In the private sector, some farsighted entrepreneurs are already stepping into the breach of the care economy. Sheila Lirio Marcelo, a Harvard MBA/JD who found herself caring for two small children and aging parents at the same time, founded Care.com because she was having trouble finding quality caregivers. Care.com is a marketplace for caregivers of children and the elderly; it matches a caregiver and an employer every two minutes. And it’s not just helpful to families and caretakers alike, it’s big business. The company raised $91 million in an initial public stock offering, and when it went public in January 2014, Care.com had a market value of over $550 million.
Bright Horizons is another company that successfully monetizes care. They provide a variety of services from high-quality early-education centers to emergency childcare to coordinating on-site daycare at various companies, hospitals, and universities. Bright Horizons is also publicly traded, and when it returned to the market in 2013, it was valued at $1.4 billion.

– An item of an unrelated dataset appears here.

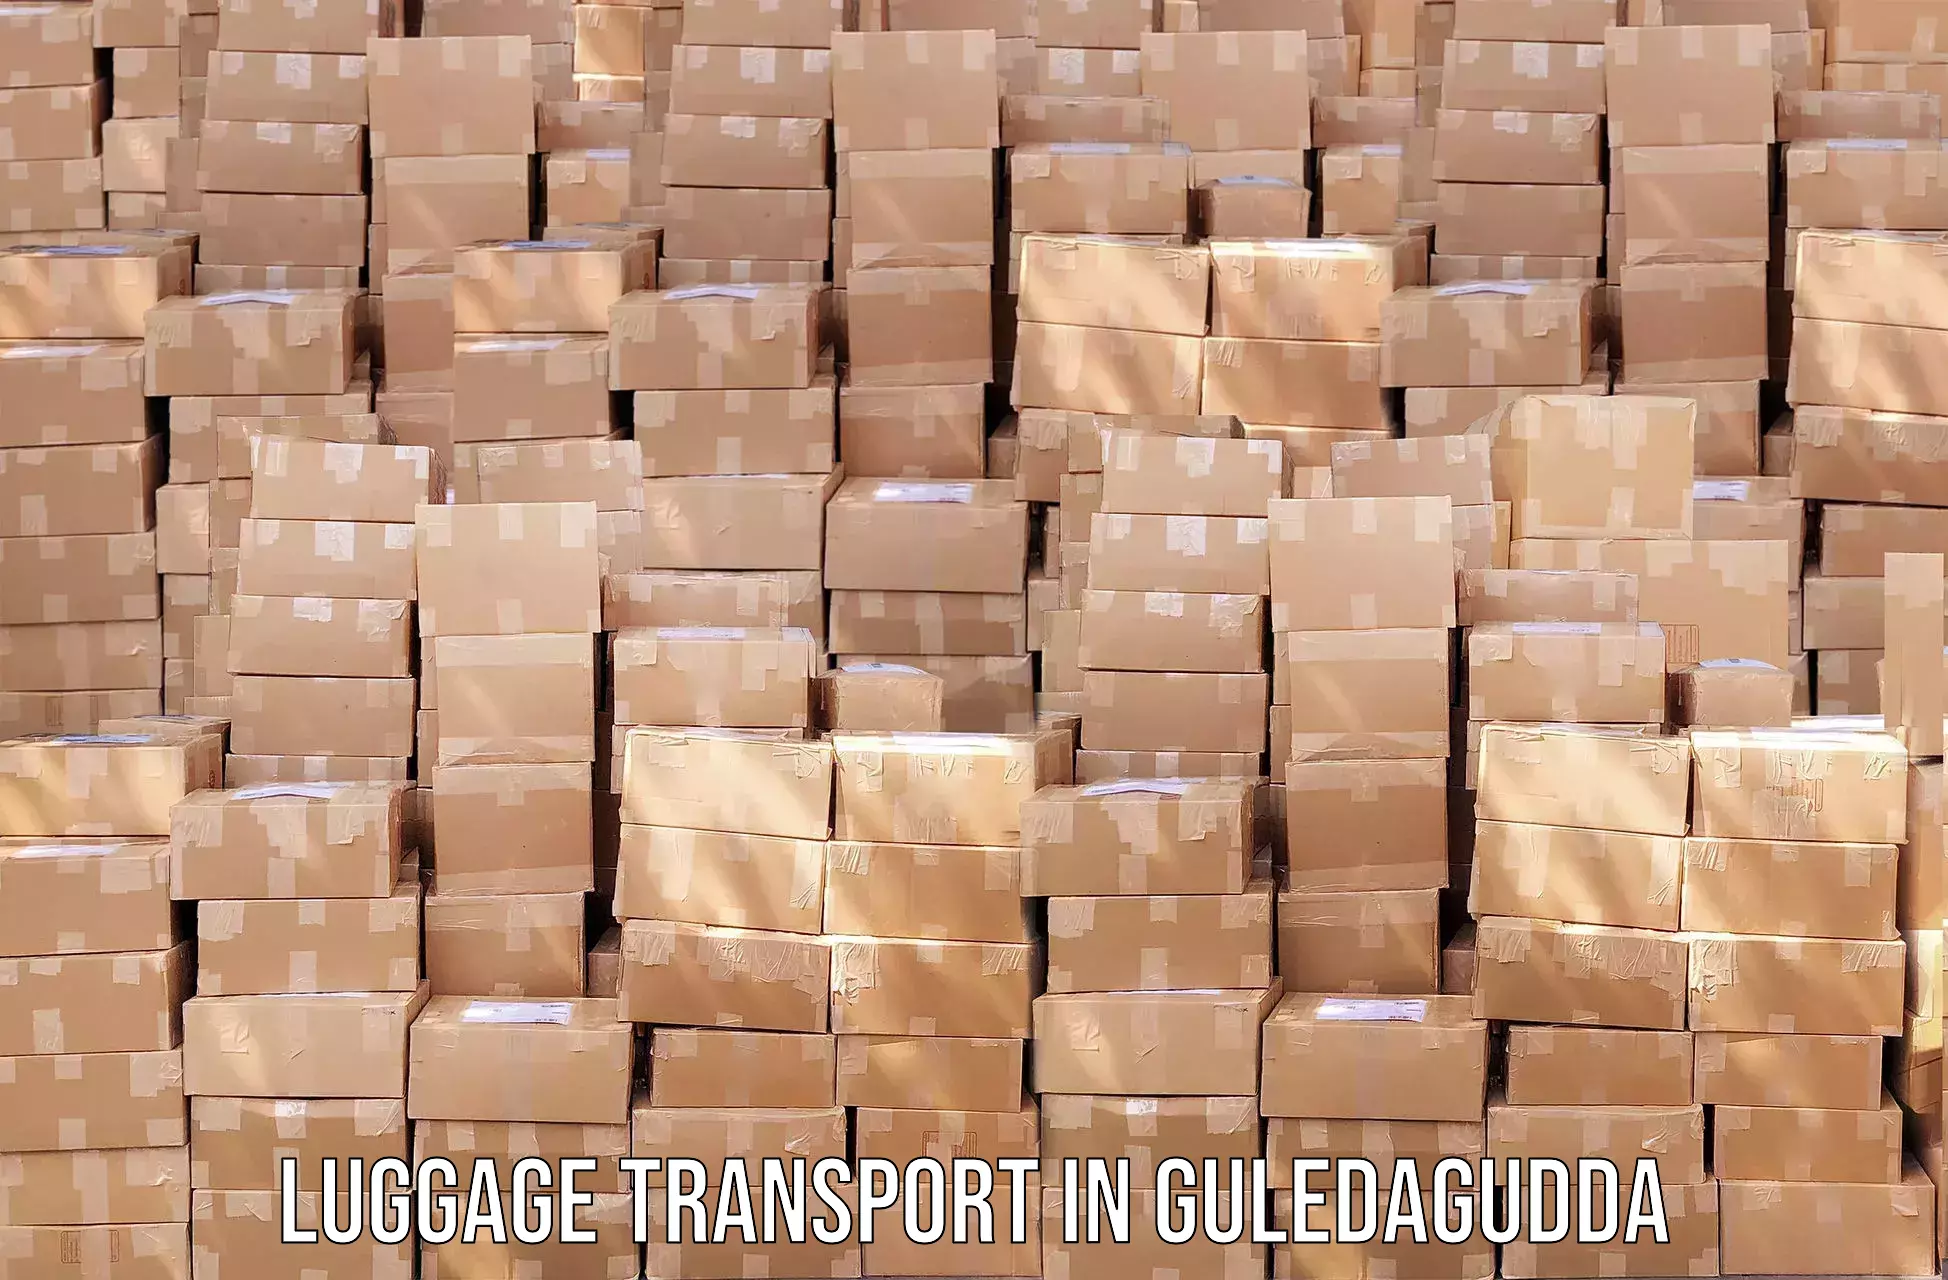 Timely baggage transport in Guledagudda
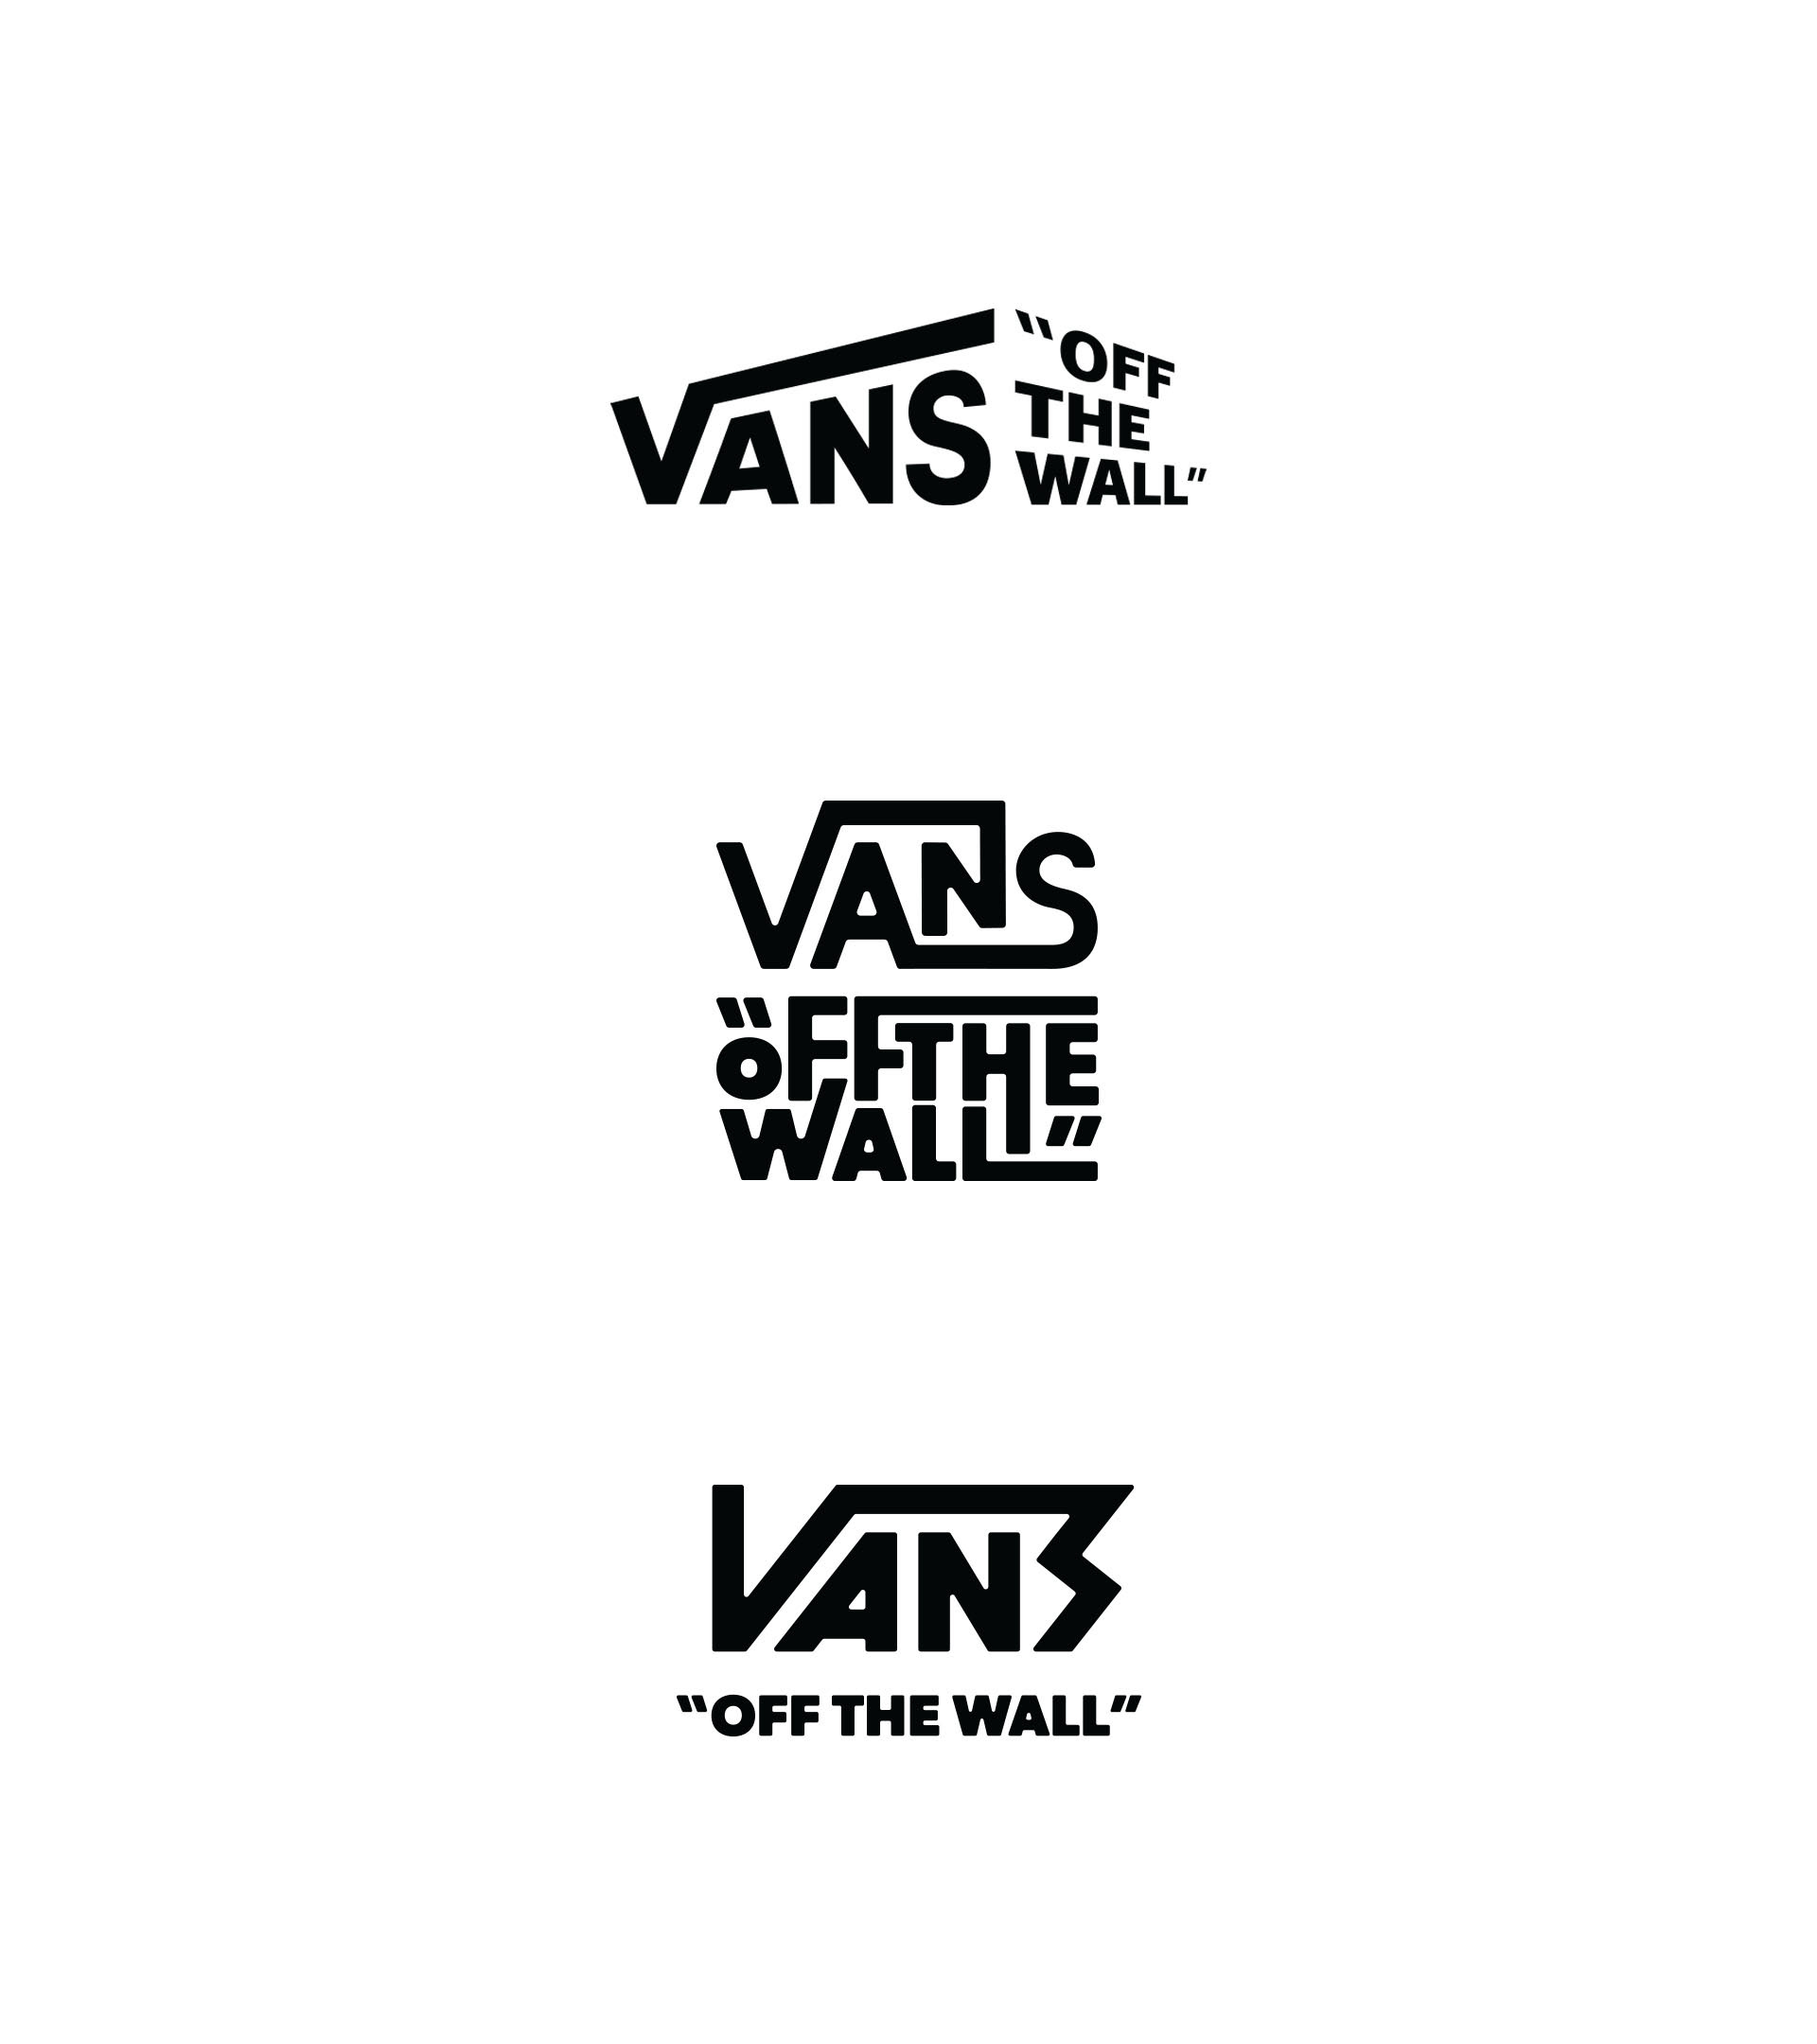 off the wall vans logo

Real estate developers are also starting to respond to the caregiving needs of American families. In California, for example, developers are creating townhouses geared toward multigenerational families. These townhouses include bathrooms and bedrooms on the ground floor so seniors don’t have to use the stairs and then traditional nuclear family layouts on the upper floors. That way, the “sandwich generation” can take care of their parents, and the grandparents can help watch their grandchildren.
Seniors are also banding together so that they can grow old with their friends, Golden Girls style. It’s called “co-housing,” and a housing consultant told The New York Times that it will be especially appealing to boomers. The “social consciousness of the 1960’s can get re-expressed” through communal living, she predicted. I can personally testify to the pleasure of these arrangements; I share an apartment in Washington two days a week with a dear friend whom I have known since college. She moved from her home base in New York to serve in government; her husband comes down regularly. It’s just like having a college roommate again, complete with visits from the boyfriend!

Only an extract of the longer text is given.